### WORK TASK
Would you repeat the listing below exactly, with no pictures in it?

### SOURCE MATERIAL
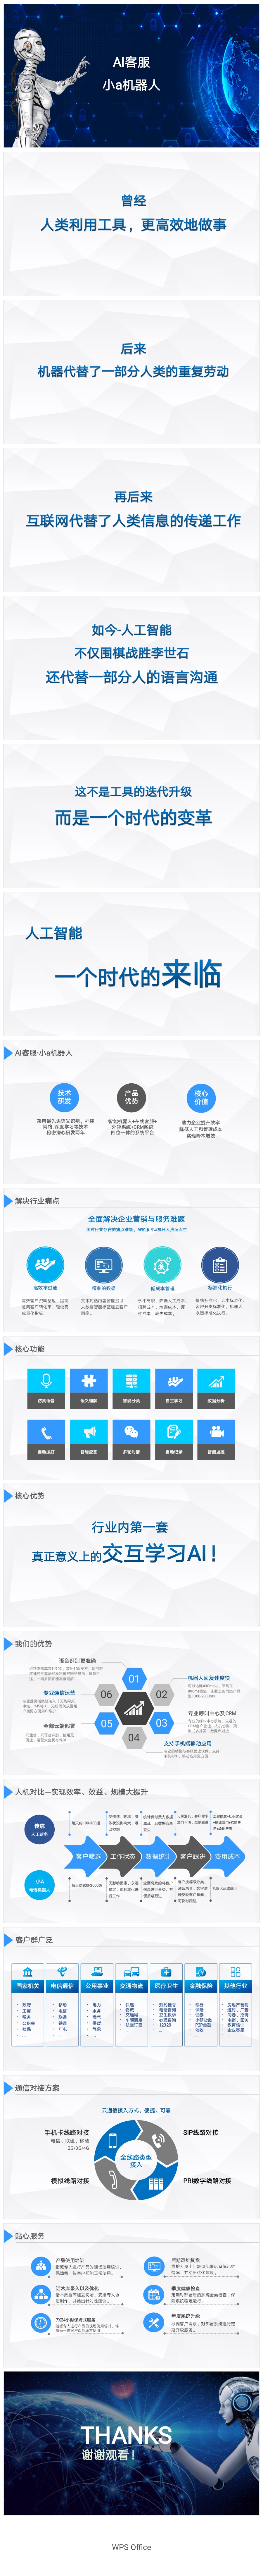 深圳市通信助手电话自动外呼系统中小企业厂家
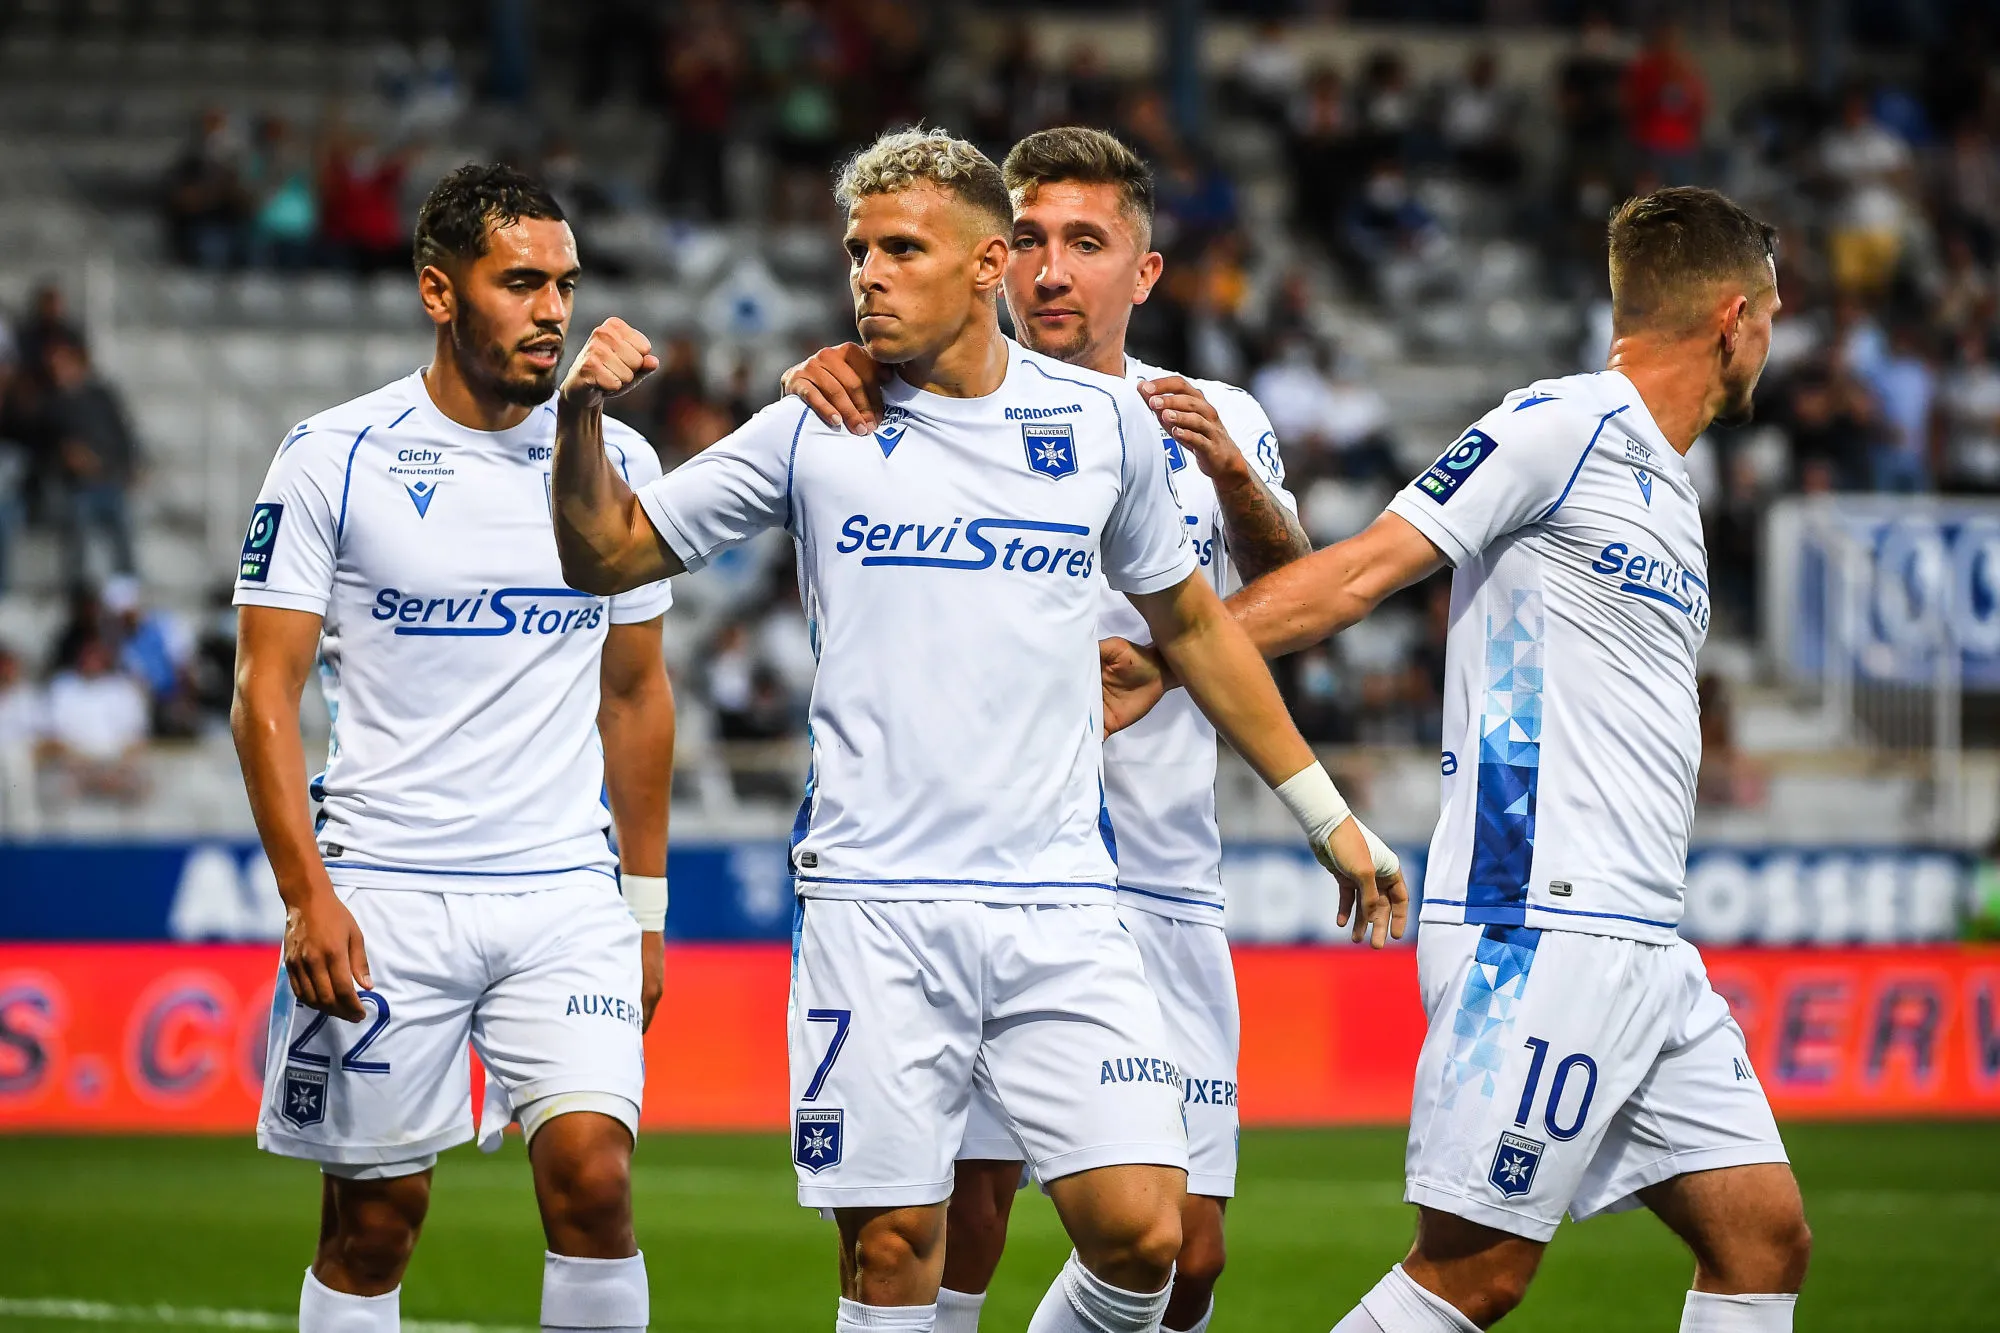 Pronostic Auxerre Ajaccio : Analyse, cotes et prono du match de Ligue 2
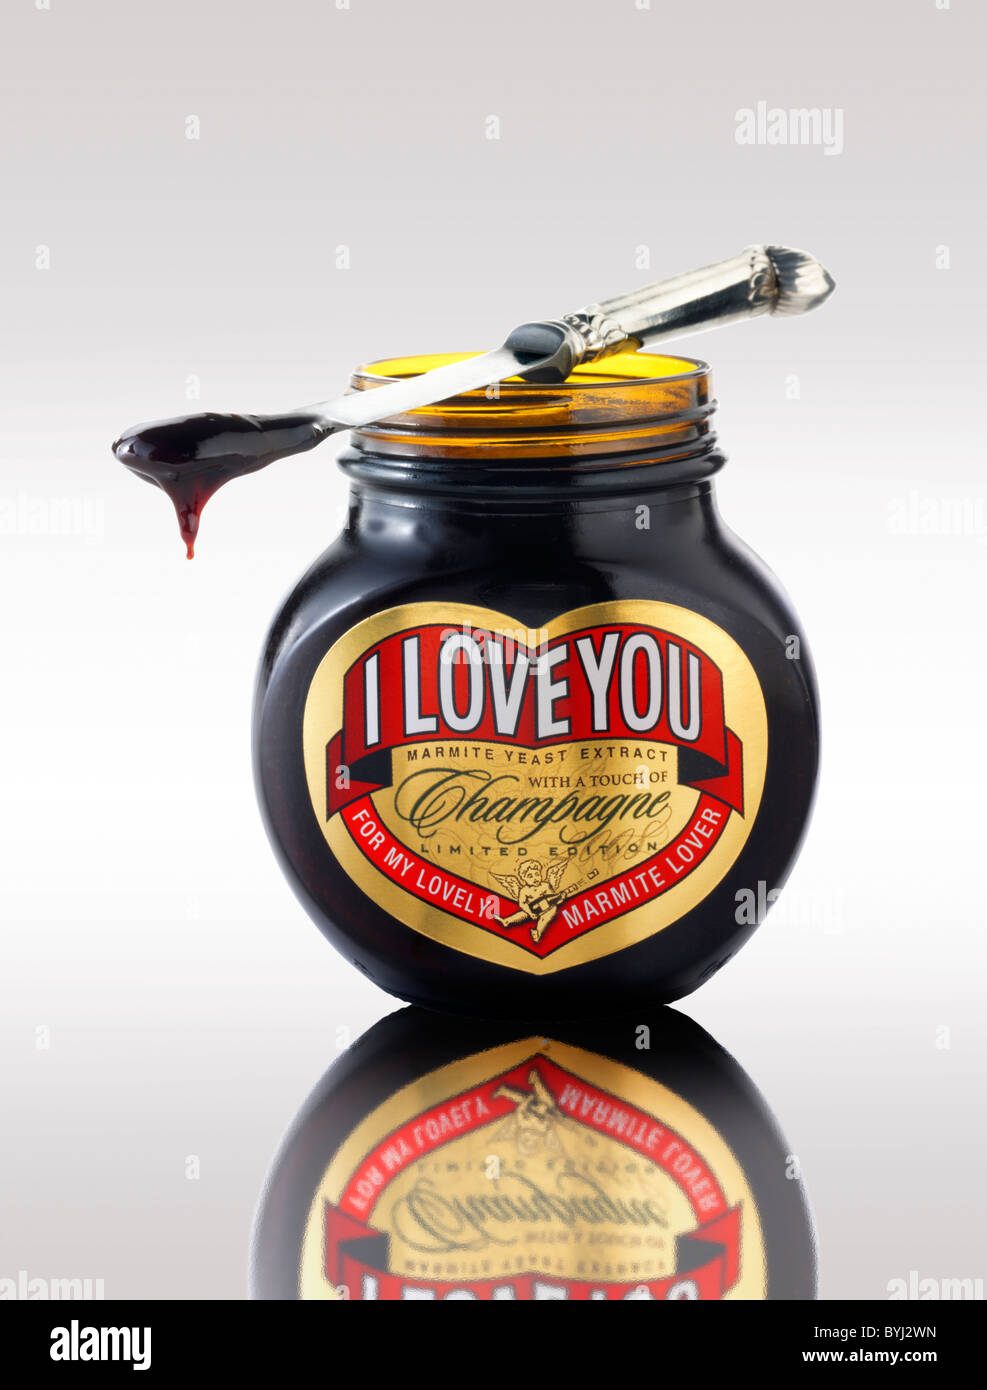 Pot de Marmite traditionnelle avec "I Love You" sur l'étiquette Banque D'Images

### WRITTEN RESPONSE
 深圳市通信助手电话自动外呼系统中小企业厂家
 Pronostic Auxerre Ajaccio : Analyse, cotes et prono du match de Ligue 2
 Pot de Marmite traditionnelle avec "I Love You" sur l'étiquette Banque D'Images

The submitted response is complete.